In the three stories we read by Flannery O'Connor; "The Comforts of Home", "Everything That Rises Must Converge", and "The Enduring Chill", the major relationship portrayed was between mothers and their hypersensitive sons. While all of the major characters, the sons, were noticeably similar, the lesser characters of the mothers were also very alike in many ways. Many of their views, gestures and outward qualities paralleled throughout the stories. After rereading all of the stories again I came to the realization that the mothers O'Connor wrote in her stories were variations of the same person.

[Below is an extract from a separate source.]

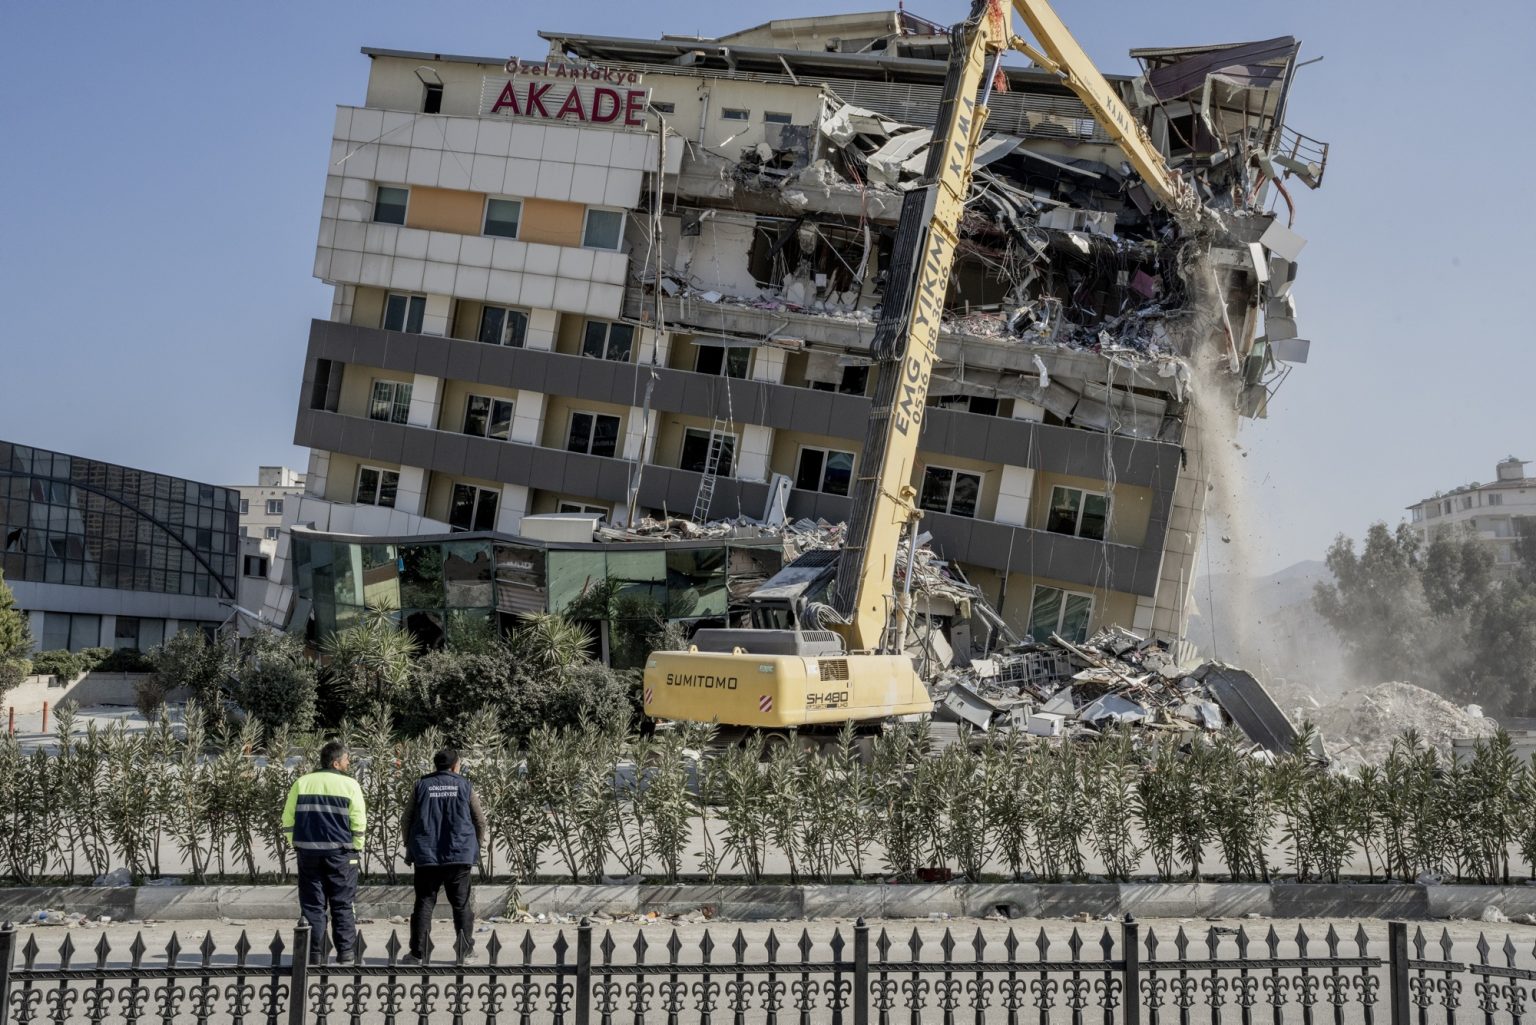 Antakya, Turkey, February 2023 - The aftermath of the earthquake that hit southern Turkey and northern Syria. The earthquake-damaged academy hospital of the city of Antakya is torn down by authorities. ><
Antakya, Turchia, febbraio 2023  Le conseguenze del terremoto che ha colpito la Turchia del Sud e la Siria del nord.

One of the qualities that jump out first is that all three mothers are incredibly proud of their sons, even if they have no reason to be. Julian's mother loves to tell people how her "son finished college last year. He wants to write but he's selling typewriters until he gets started" (10). She does not care that he has not truly written anything, but that he has graduated college and that he is trying to get his life on track. She is constantly reminding him that "Rome wasn't built in a day" (11), and she truly believes this about her son; that eventually he will go places with his writing. Mrs. Fox, Asbury's mother, while not particularly glad that he is a writer, is proud that he is an artist and has every faith that her son "might be writing a long book" (90). While not as vocal about how she is proud of her son, she is happy that he is doing what he wants; writing. Thomas' mother was often found boasting about her son to Star Drake. In the two's first meeting, Thomas' mother tells Star that "Thomas writes historyÐ'... He's the president of the local Historical Society this year" (123). This statement alone proves that she is impressed by what her son does and what he has become in his life, otherwise I doubt his mother would have mentioned it. A lot of the pride these mothers have in their son's may be due to the fact that, except in the case of Asbury, they are only children to single mothers. Since they are all portrayed as older women, of course they will have pride in what their sons do, since they have little in their lives to boast about. Yet, it seems to me that these mothers feel their sons can do no wrong in life, which may be a cause of why their sons tend to walk all over them.

All three of the mothers also are connected by the fact that their sons have large biases in their minds about them. The boys feel that either their mother did not do a good enough job raising them or that she has disrupted the proper pace of their lives. This is apparent in all the boys but especially confusing in the case of Julian. At the beginning of the story he says "he could have stood his lot better if she [his mother] had been an old hag who drank and screamed at him" (5) yet later talks about how "there was no reason for her to think she could always depend on him" (14). While he feels that she raised him well, he does not want her to feel that he will be there for her like she seems to have been there for him. Asbury makes it very clear that he feels his mother was the unnerving force that lead to the demise of his life. Upon his death, he wanted his mother to read a letter her wrote to her about "what she had done to him" (91) but thought, "that his mother would not understand the letter at onceÐ'... he thought she would be able to see that he forgave her for all that she had done to him" (91). This statement, like Julian's is not truly supported in any way. It appears in both stories that the boys mothers did everything they possible could to give their children the best of life. Thomas, on the other hand, does not feel quite as much observable loathing to his mother and says that he "loved his mother. He loved her because it was his nature to do so, but there were times when he could not endure her love for him" (118). Unlike the other two, Thomas openly admitted his love to his mother, but still felt contempt when it came to Star Drake. All three of these men felt that their mother had in some way short changed them at some point in their lives; whether it be in the childhood like in Julian and Asbury's cases or in their adulthood, like for Thomas.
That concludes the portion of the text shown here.